Here’s my own conclusions:
  • It plays well with the iPhone. And that’s the nicest thing I can say about it.
  • I hated how it looked like a miniature digital screen on my wrist.
  • I hated how it displayed the icons into this miniature pinwheel of circular disorder. HATED. I know I would have gotten used to where the icons/apps were that I needed, but I HATED having to look deeply at a tiny screen to find the app I wanted and carefully tap right on the correct icon. You have to give the watch your full attention – if even for a few seconds. But that takes away the “glance” benefit of a wearable in my book. That was the whole point for me – spending less time in my phone. I want glance and usefulness not distraction and focused activity on my wrist.
  • I hated how un-customizable it was. I’ve gotten used to that with the iPhone, but after using the Samsung and having the ability to swipe between screens quickly, add shortcuts, and customize the smallest details of a watch face, I found the Apple Watch to be just.. clunky.
  • You cannot delete apps off the Apple Watch that Apple installs.
  • Text messages continued coming to my Apple Watch. Even when you turn all notifications off, they keep coming. You don’t get bumped or dinged about them, but they still show up on your watch, whether you want them there or not. That’s irritating. That includes ALL texts – even the texts you get from your bank with a six-digit number to verify your identity. I don’t want added distractions on my watch.
  • You get two screens to look at with the Apple Watch – the time and the vomitous swirl of tiny icons. That’s it. I found it unintuitive to have to swipe over to the apps I would most use, and then open an app to just glance at something. Compare that to the experience on the Galaxy Watch:

  • The Apple Watch is… ugly. It just is. Round watches trump square digital readouts every time.
  • The Galaxy Watch has a dial around the outside that is just.. wonderfully useful for quick navigation.
  • The Apple Watch is just as big as the Galaxy Watch as far as thickness. Yes, I know the series 5 is thinner, but one concern I had about the Samsung was its thickness. When I realized the Apple Watch was just as thick, it actually surprised me.
What I gave up by selling my Apple Watch

The only thing the Galaxy Watch won’t do is receive texts. That’s because of the iMessage exclusivity of Apple. And actually, it’s nice not to have it on my watch.
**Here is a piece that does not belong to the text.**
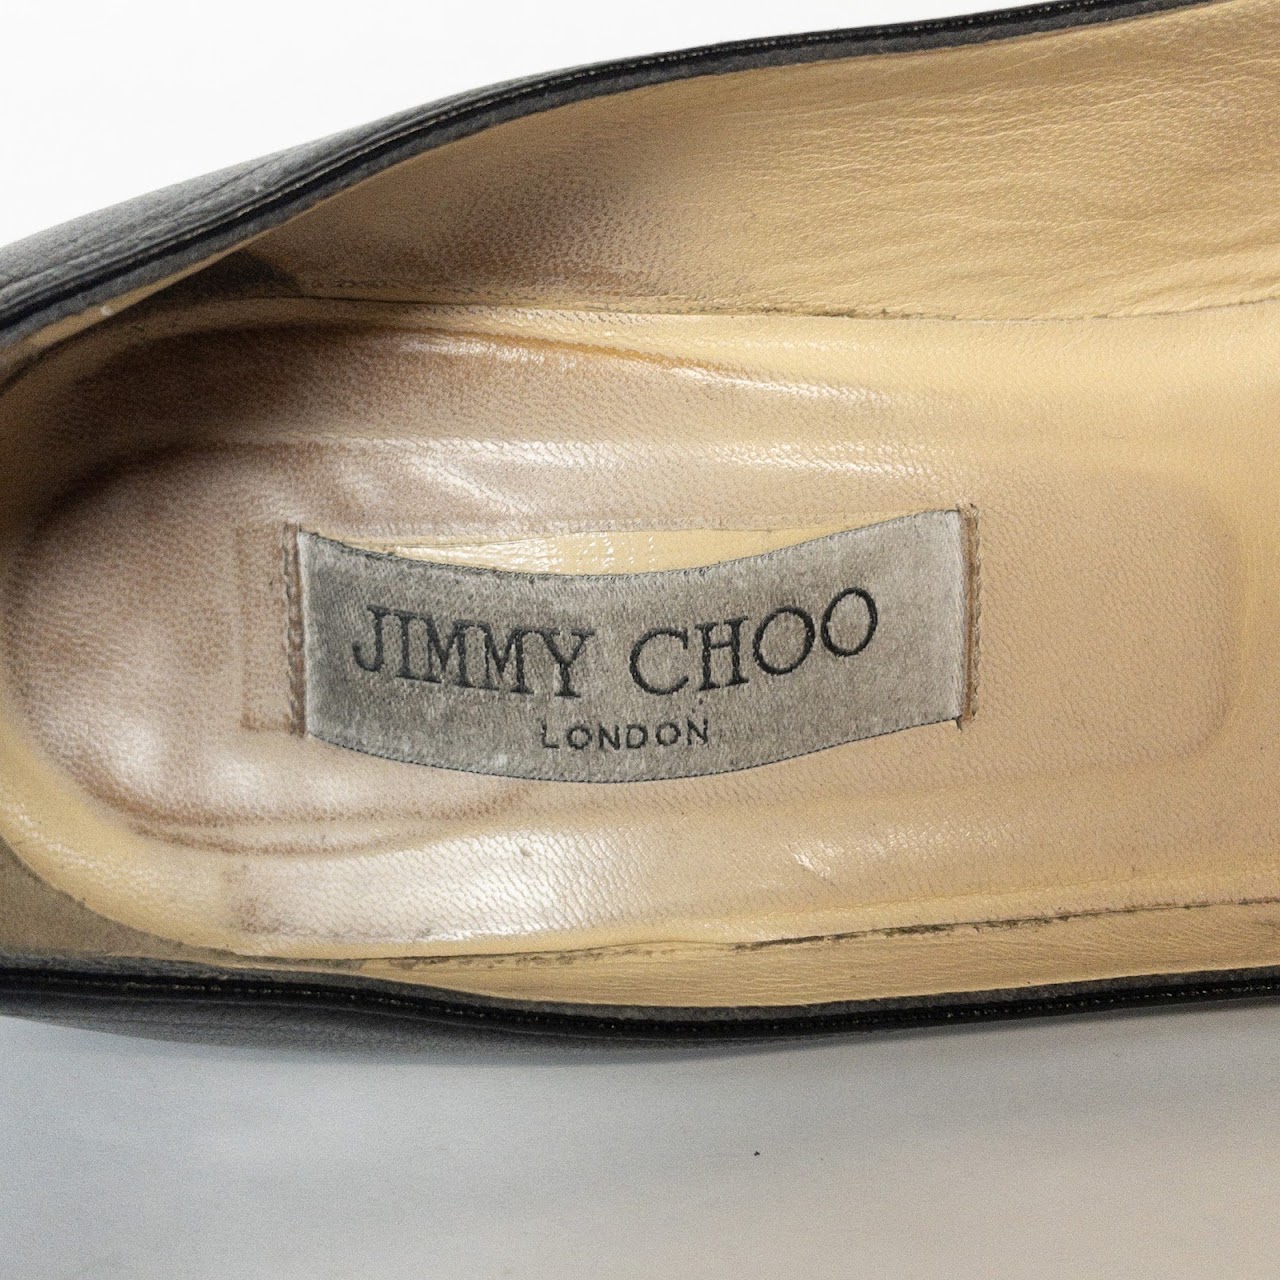 Jimmy Choo Black Leather Pumps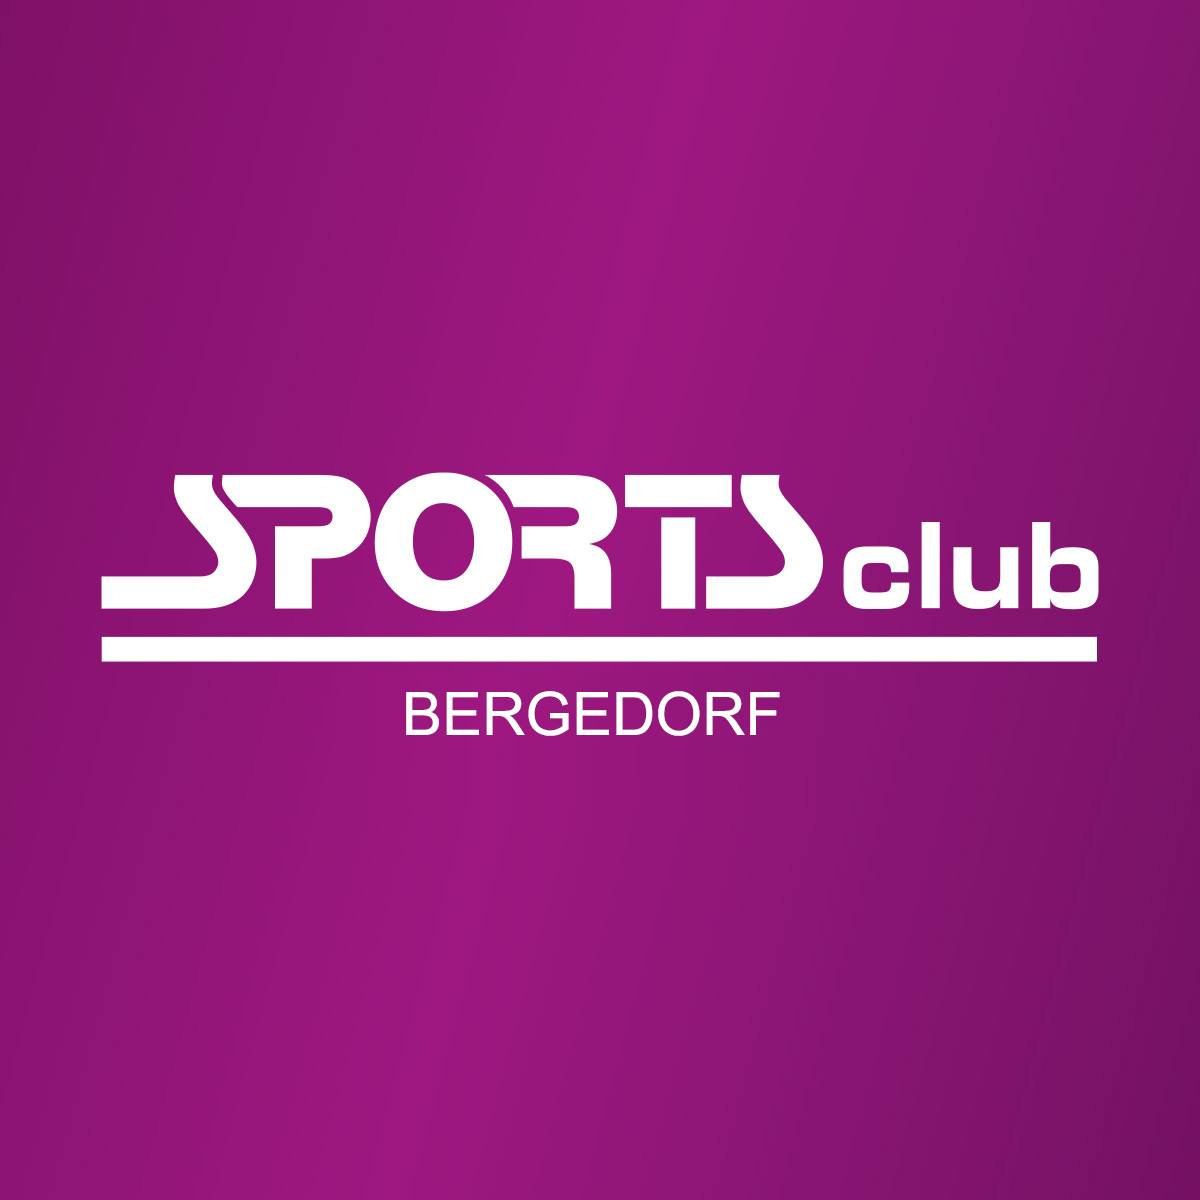 Sportsclub Bergedorf

Sam (recent college grad) finally chimed in on when he had an Apple Watch just before I hit publish:

“In an age of instant gratification and the pressure to be connected to everything all at once, I found that it induced a mental state of constant worry and connection to the virtual world rather than what was right in front of me. It pushed for problems, regardless of urgency, to be solved ASAP, often leading to poor outcomes. I decided to settle with a smart watch with the same basic benefits, like heart rate, workout tracking, etc. but got rid of the meaningless and constant barrage of notifications.”

I texted back and said, “Did you come up with the first one???”

He responded with, “That’s how I would answer that if someone from a magazine asked me. But my simple answer is: it’s too much and we don’t need more of that crap.”

Extra: Health benefits

One thing I have surprised myself by enjoying – the health awareness. Both watches (and I think most smart watches these days) nudge/bump and electrocute you if you sit for too long. In their effort to keep you active and healthy, there’s innumerable things you can do – measure your heart rate, your EKG, your steps, your calories burned during exercise and even the length of your nose hairs.

That was one of the main goals I had in beginning to use a watch – to track my runs and leave my phone in the car so that I’m not available. Mission accomplished.

These watches will also notify you when you’ve been blogging too long…

*Ding*

Time for a “torso twist.” Watch you later.